**Source data:**
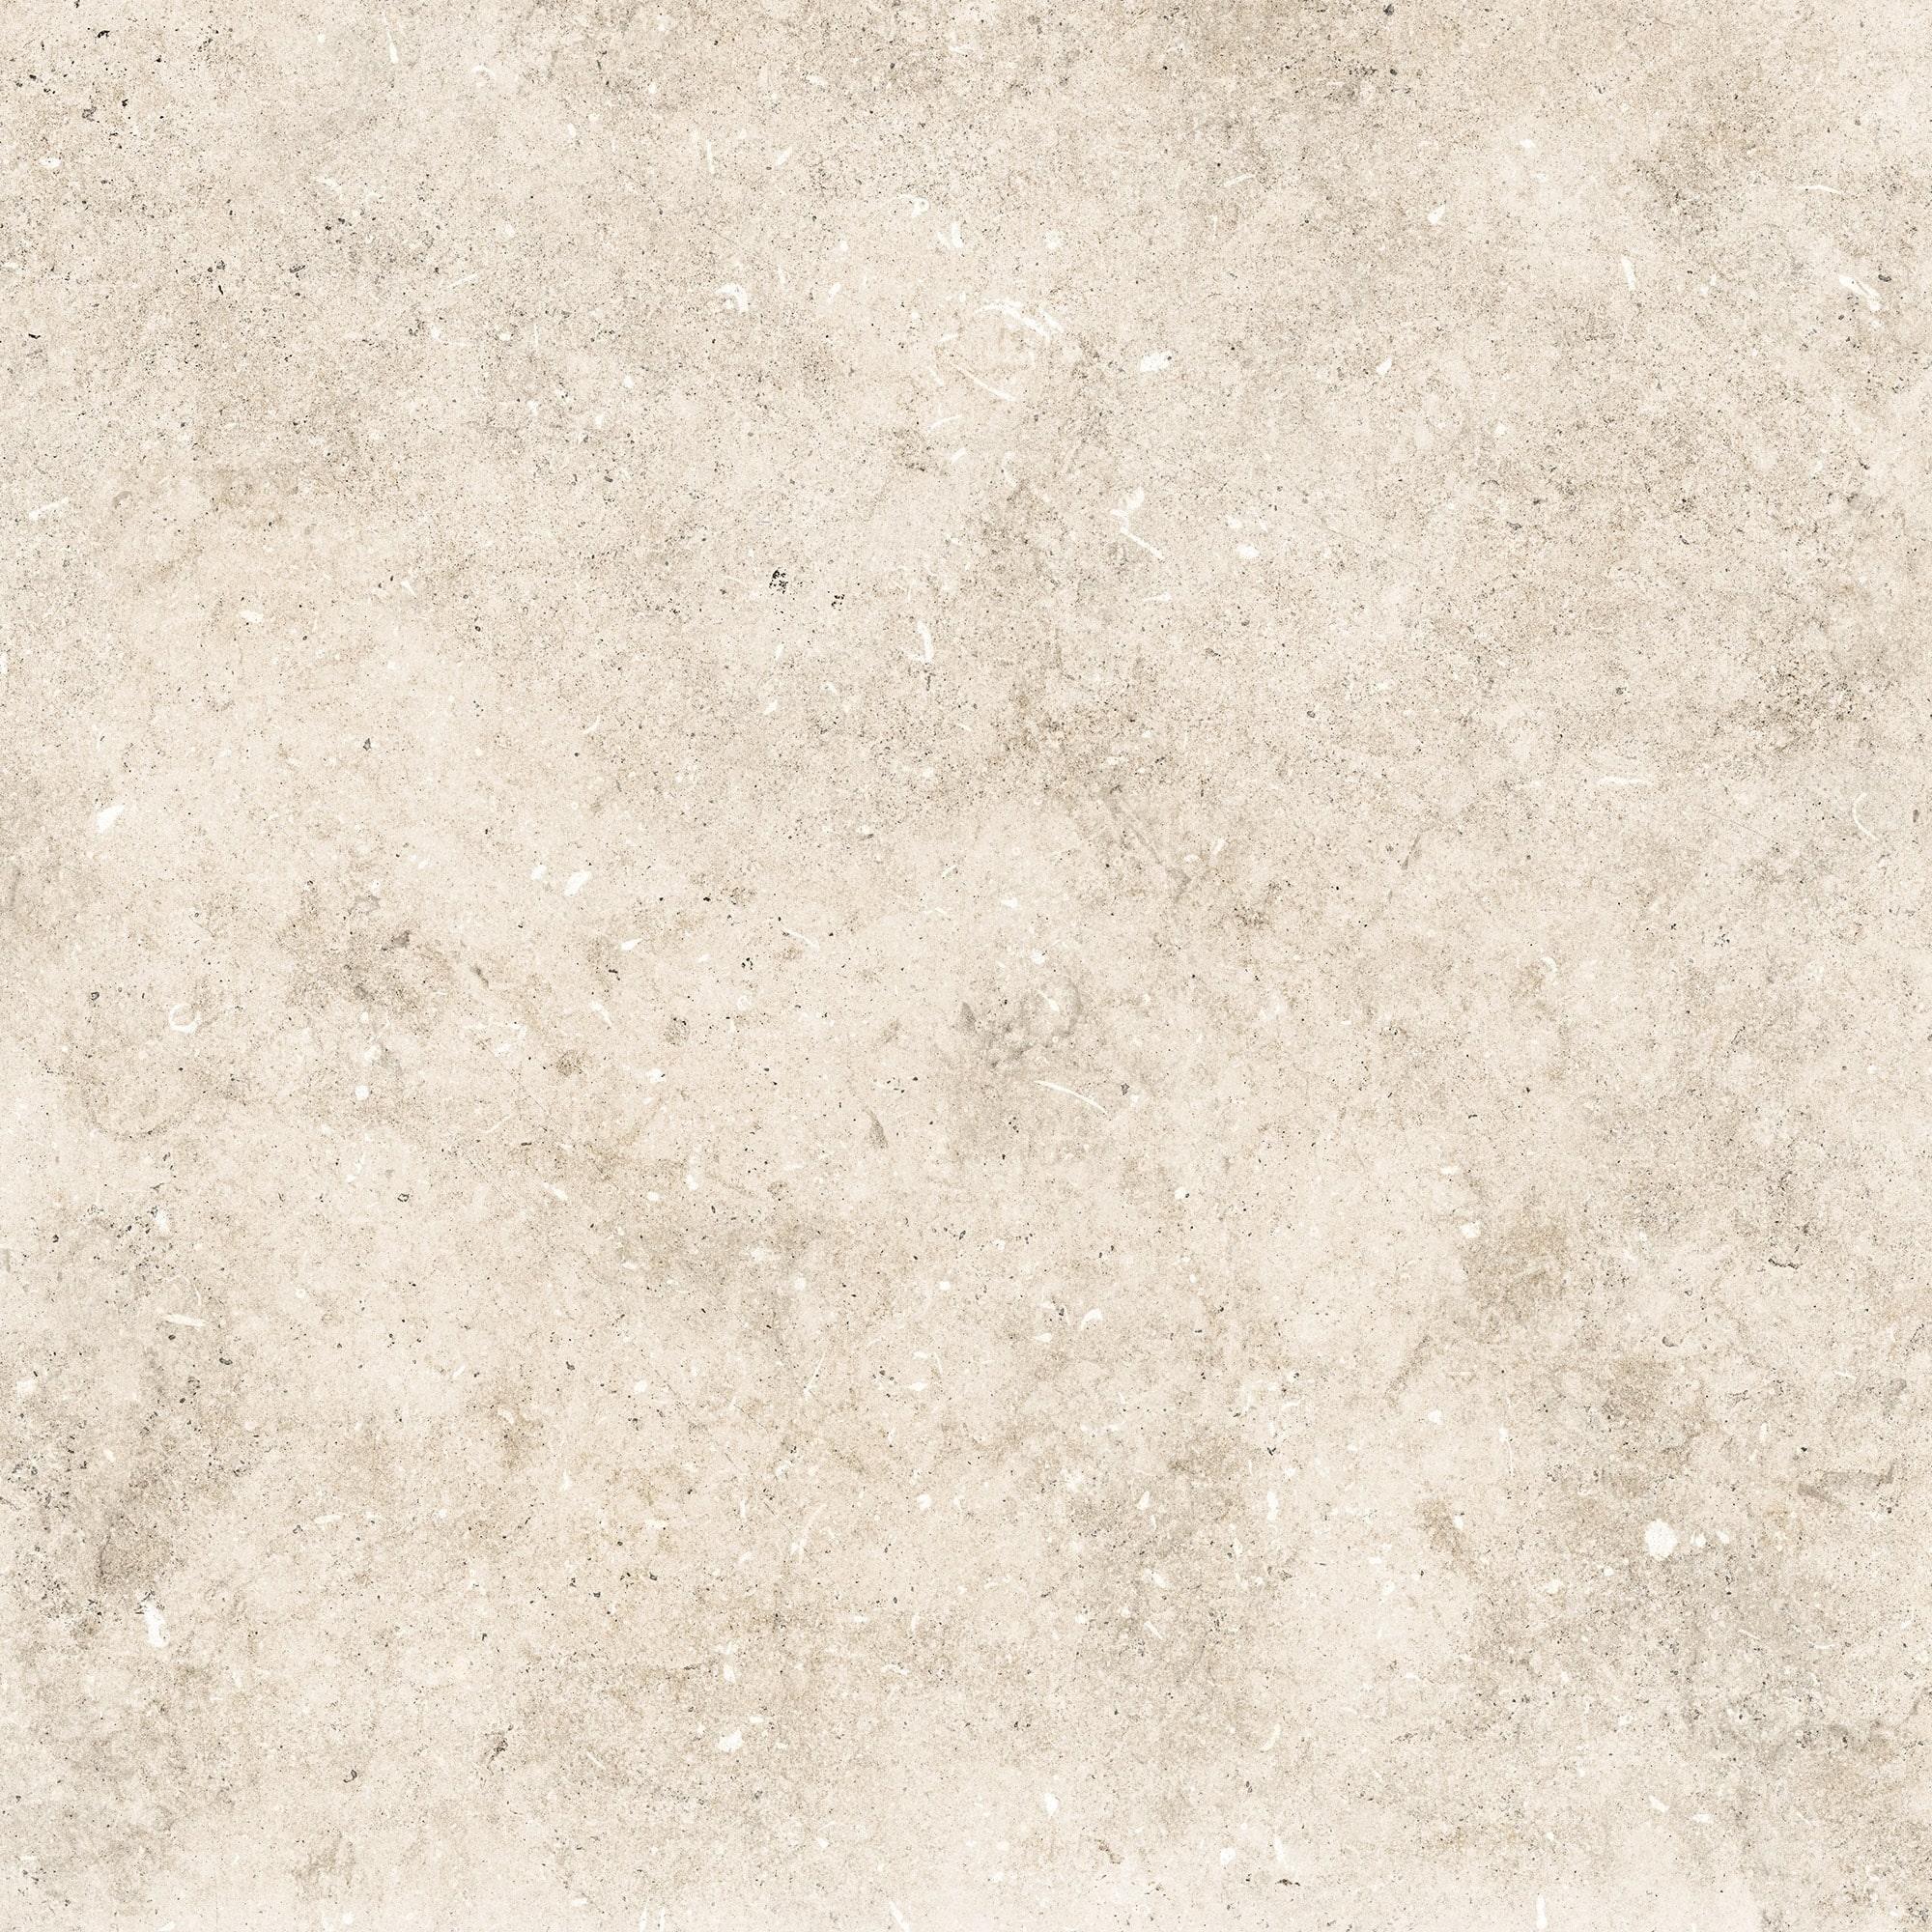 Плитка Керамин Авалон 3 50x50 см
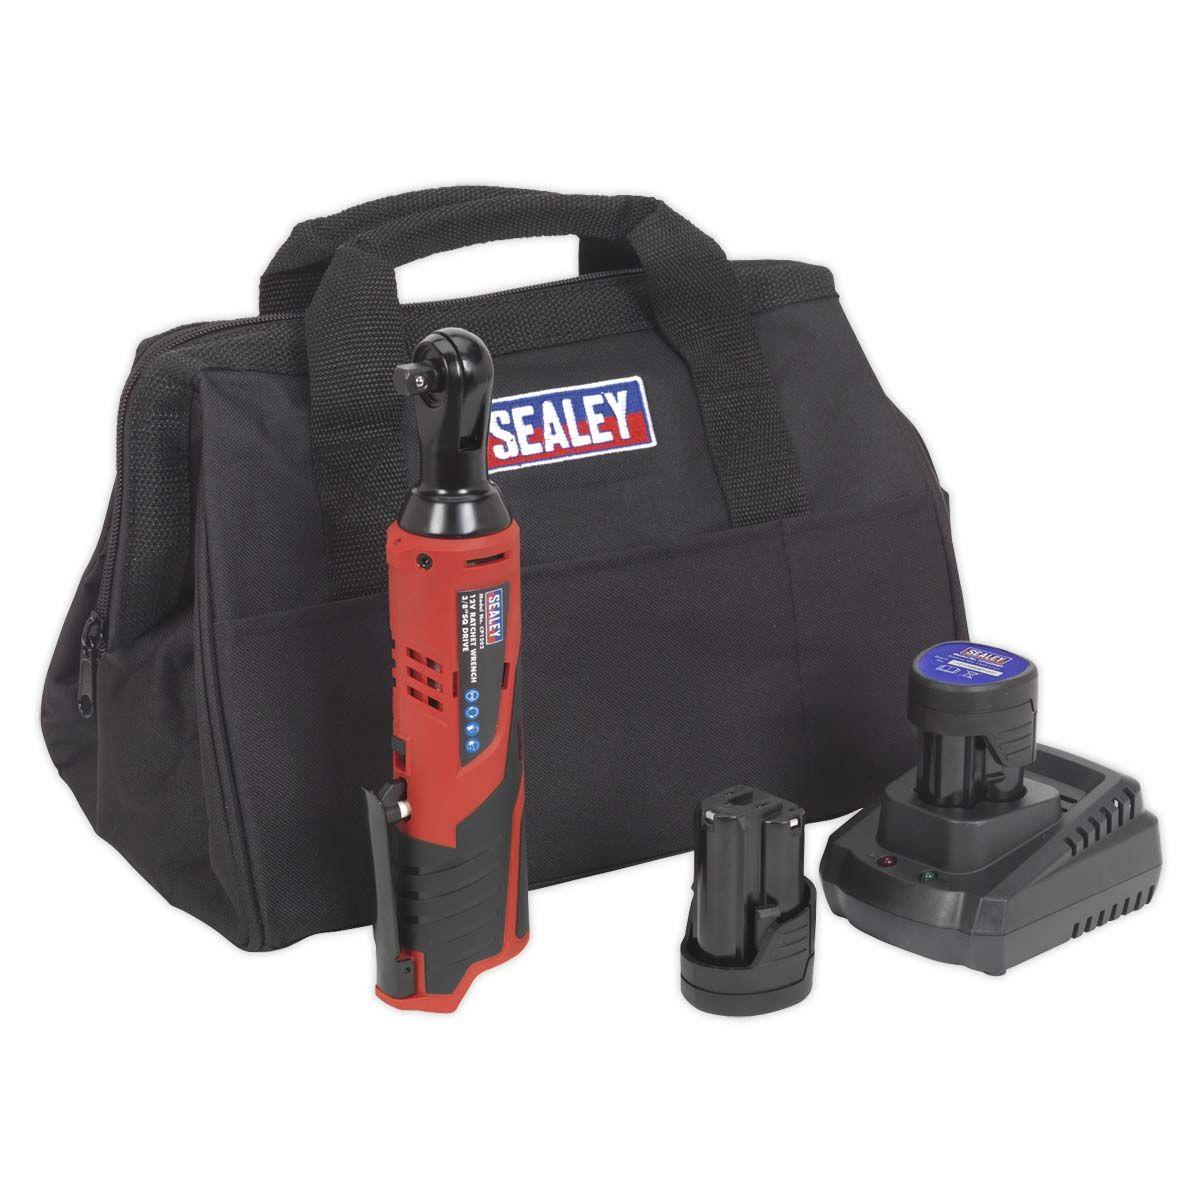 "Sealey Ratchet Wrench Kit 3/8""Sq Drive 12V Li-ion - 2 Batteries"
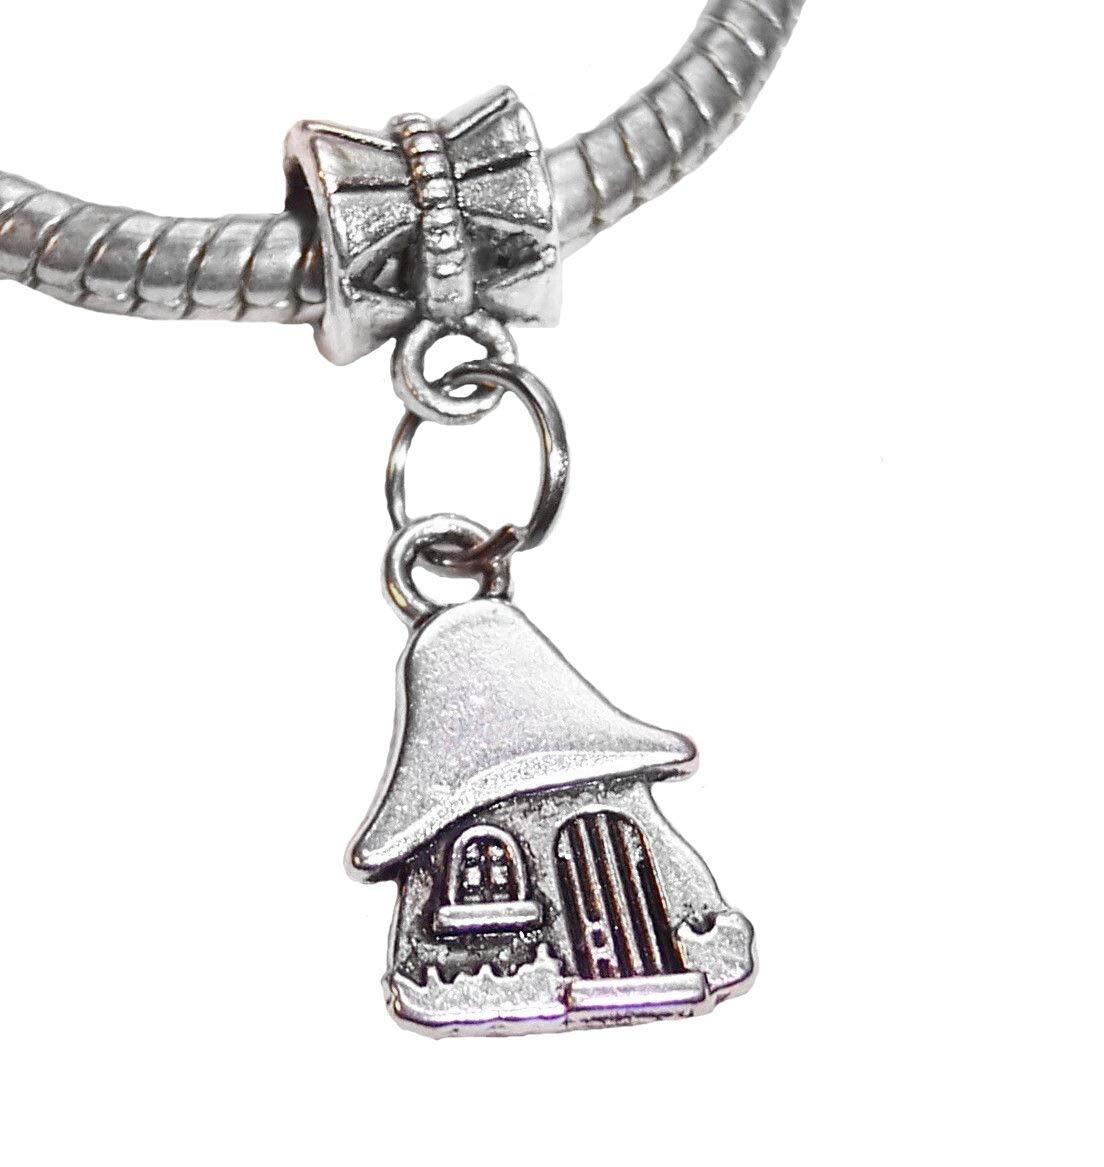 Mushroom House Fairytale Woods Dangle Charm for European Bead Slide Bracelets id-2611

**Problem:**
Omit the pictures and write out exactly the lines from the one containing "Ratchet Wrench Kit" through the last line of the material.

**Task answer:**
 "Sealey Ratchet Wrench Kit 3/8""Sq Drive 12V Li-ion - 2 Batteries"
 Mushroom House Fairytale Woods Dangle Charm for European Bead Slide Bracelets id-2611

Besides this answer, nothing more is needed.